Summary of search results
In sum, across the three phases of the search and selection process, a total of 69 CBM professional development sources were selected for inclusion in the study: 45 presentations, 22 manuals, and two books. The selected sources spanned the years 1989 to 2019 (see Table 1). The majority of sources focused on reading (12 presentations and six manuals) or on a combination of academic areas (10 presentations and nine manuals/books; see Table 2). The sources included a total of 65 different authors or authoring organizations, with the large majority of authors listed on only one or two sources. Exceptions to this were T. Busch (four sources); L. Fuchs and D. Fuchs (four sources alone or in combination + two sources from the IRIS Center); M. R. Shinn and M. M. Shinn (nine sources alone or in combination + two sources from AIMSweb); P. Stecker (six sources); and J. Wright (four sources).
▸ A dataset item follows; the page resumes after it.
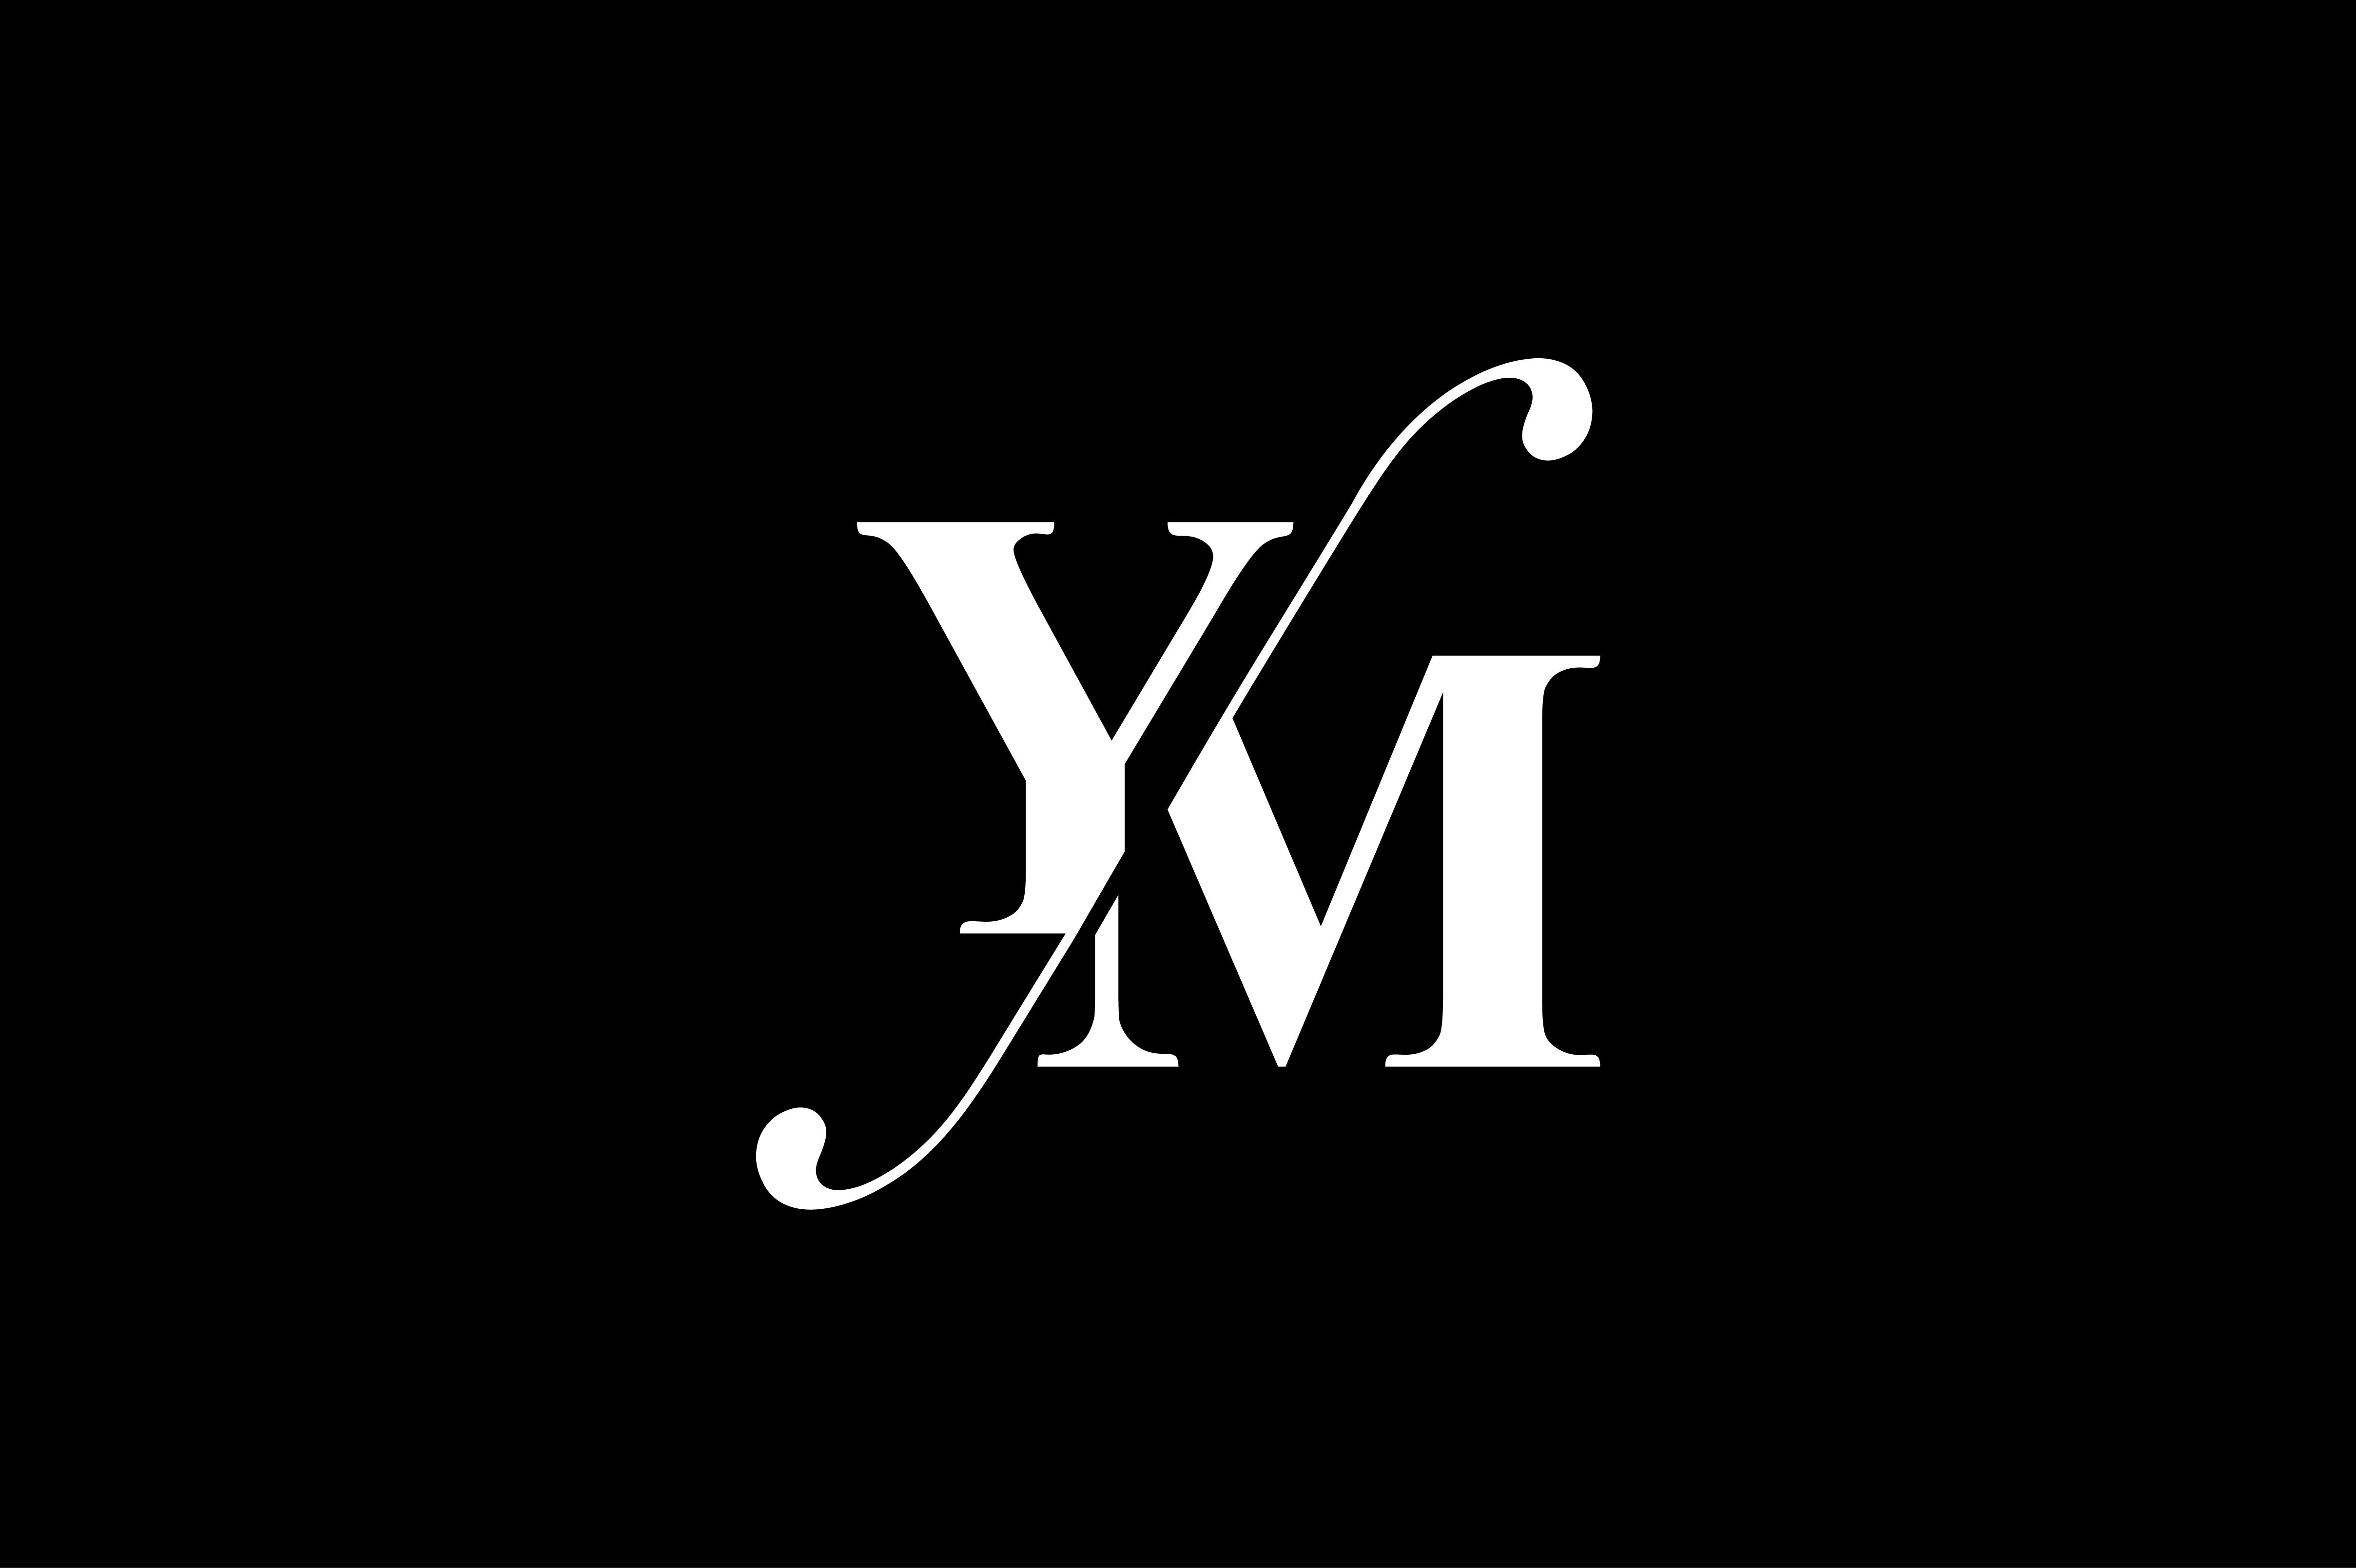 Ym Monogram Logo Design By Vectorseller Thehungryjpeg Com

Finally, there was one “superspreader” author: E. Lembke with 10 sources (for a complete list of included sources, see Table S1 in Supplemental Material).
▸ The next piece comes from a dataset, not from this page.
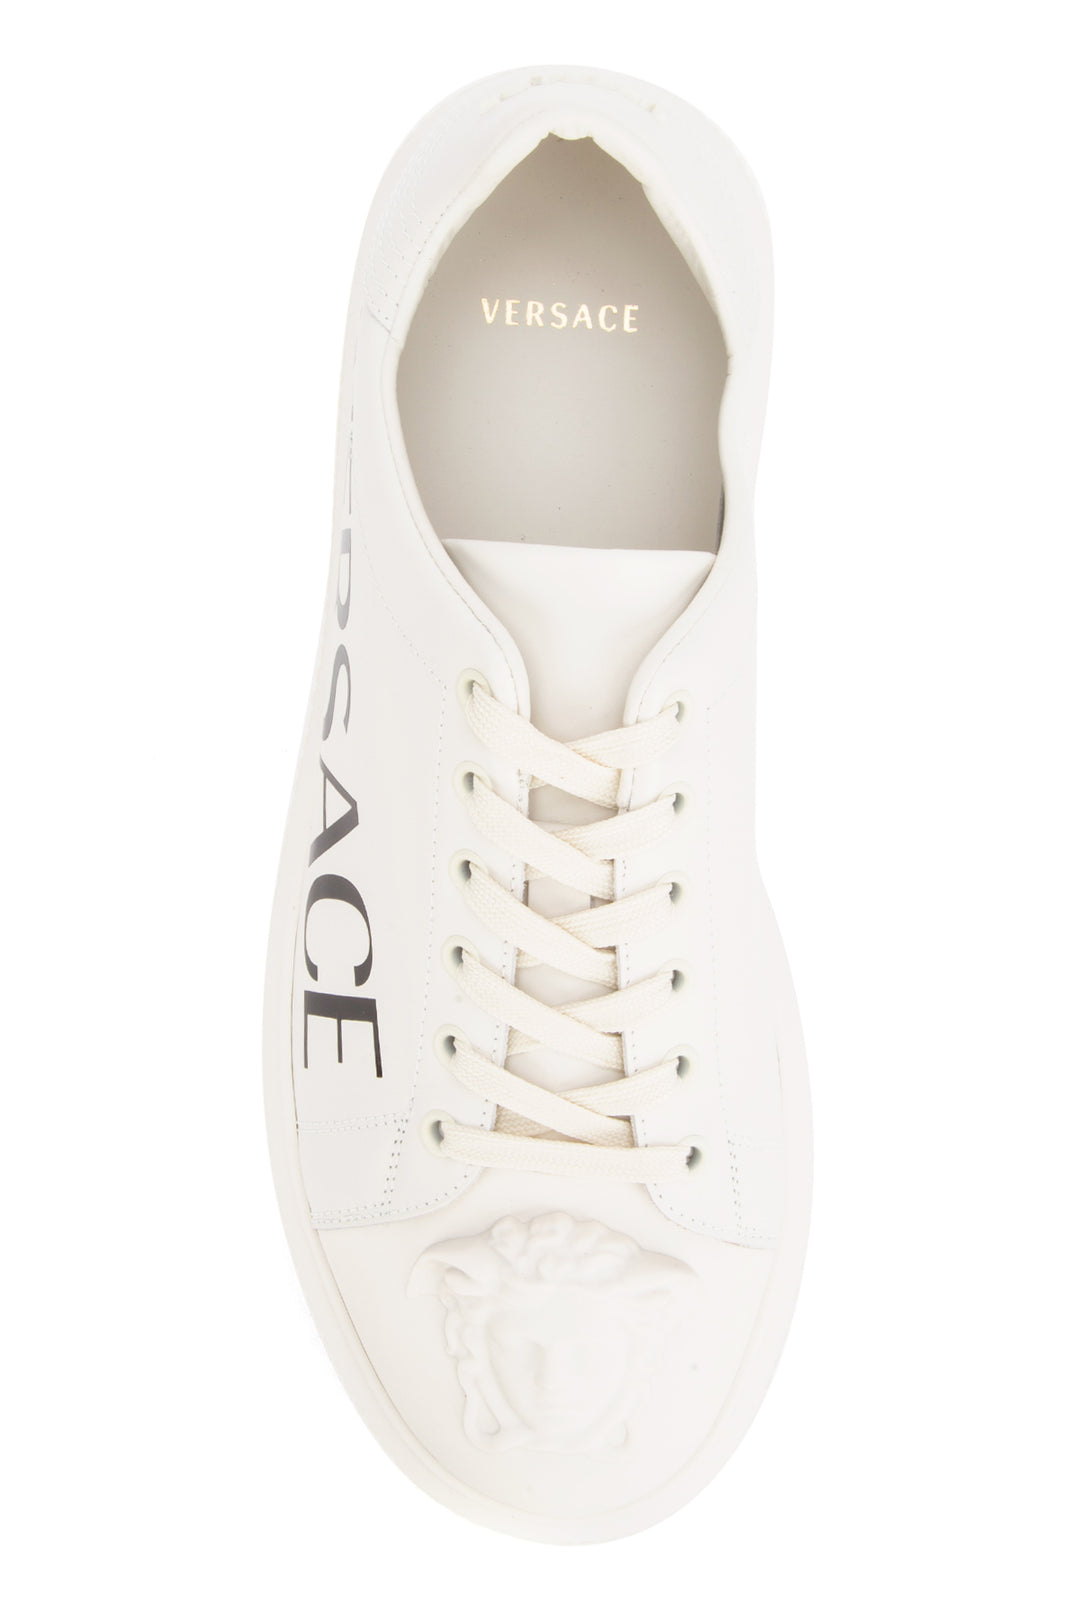 Sneakers con logo-Versace-Wanan Luxury

Number of CBM Instructional Sources Across Year.
Note. CBM = Curriculum-Based Measurement.
Source from 1989 was book on CBM. bFor three manuals, the date was unknown.
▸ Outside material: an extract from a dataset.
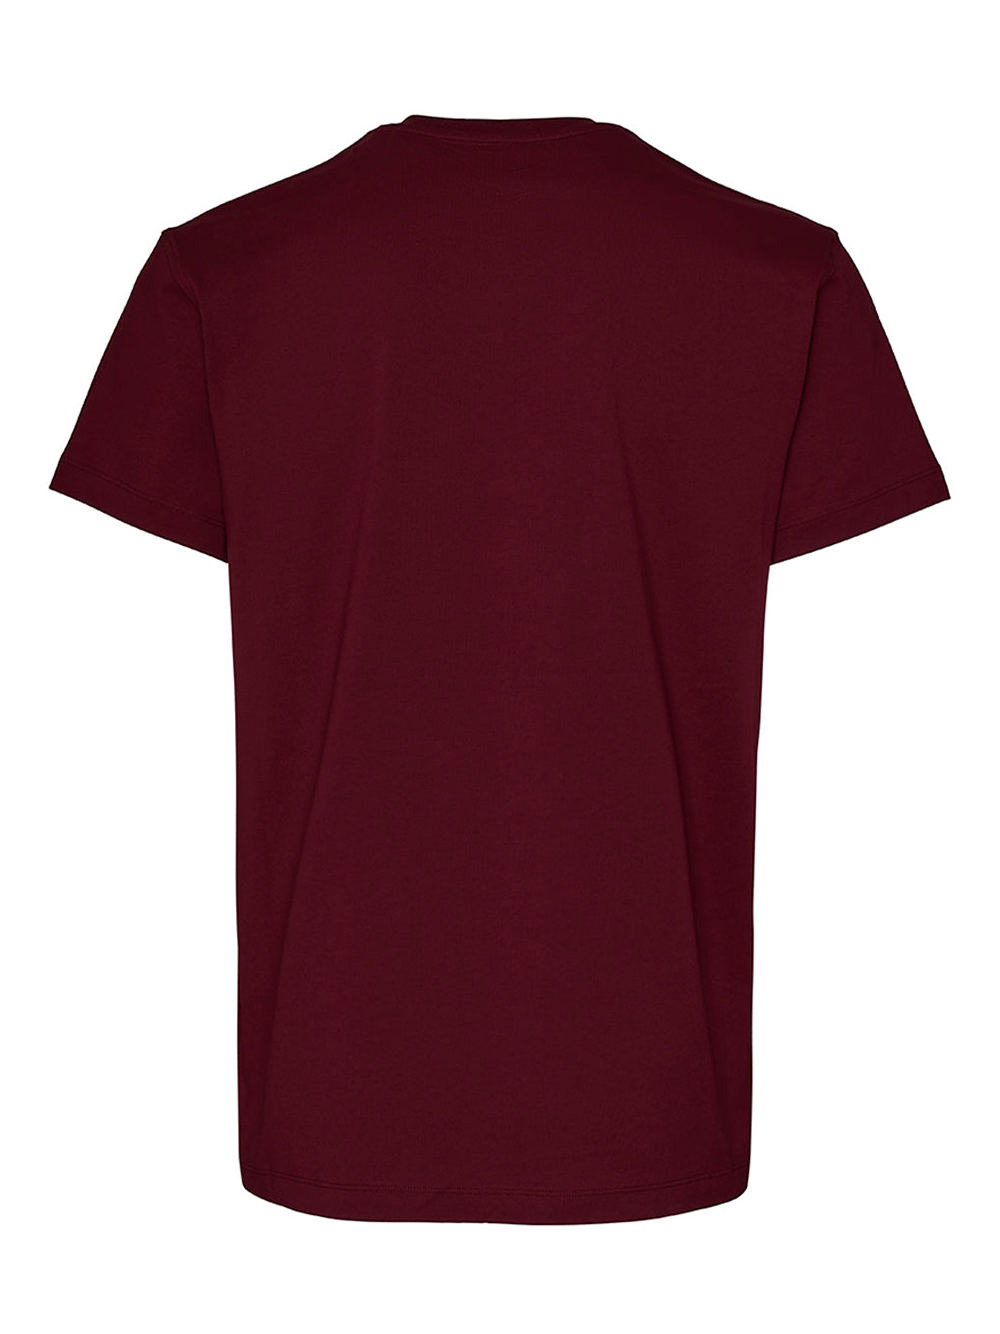 BLACKJACK-New-Human-Unisex-T-Shirt-Burgundy-2

Number of CBM Instructional Sources per Content Focus.
Note. CBM = Curriculum-Based Measurement.
Coding of CBM Instructional Materials
Development of coding system
An initial set of coding categories was developed based on the table of contents from the book The ABC’s of CBM (Hosp et al., 2016) and on the expertise of the lead researcher, who had 27 years of experience conducting research, teaching courses, and conducting professional development training on CBM. The initial codes were used to code a small number of presentations, after which the coding system was revised, and used to code a second set of presentations. The system was revised once more, and presentations that had been previously coded were recoded with the revised system.
The final coding system consisted of seven subcategories of instruction, which eventually were collapsed into four major categories for the analysis. The major categories and subcategories were (a) general CBM information, (b) conducting CBM (including collecting and graphing CBM data), (c) CBM data-based decision-making (including reading/interpreting CBM graphs and linking CBM data to instruction), and (d) other (including using CBM for screening and identification and use of technology for monitoring; see Table 3 for definitions of categories/subcategories). In addition, the year and the academic focus for each source were noted.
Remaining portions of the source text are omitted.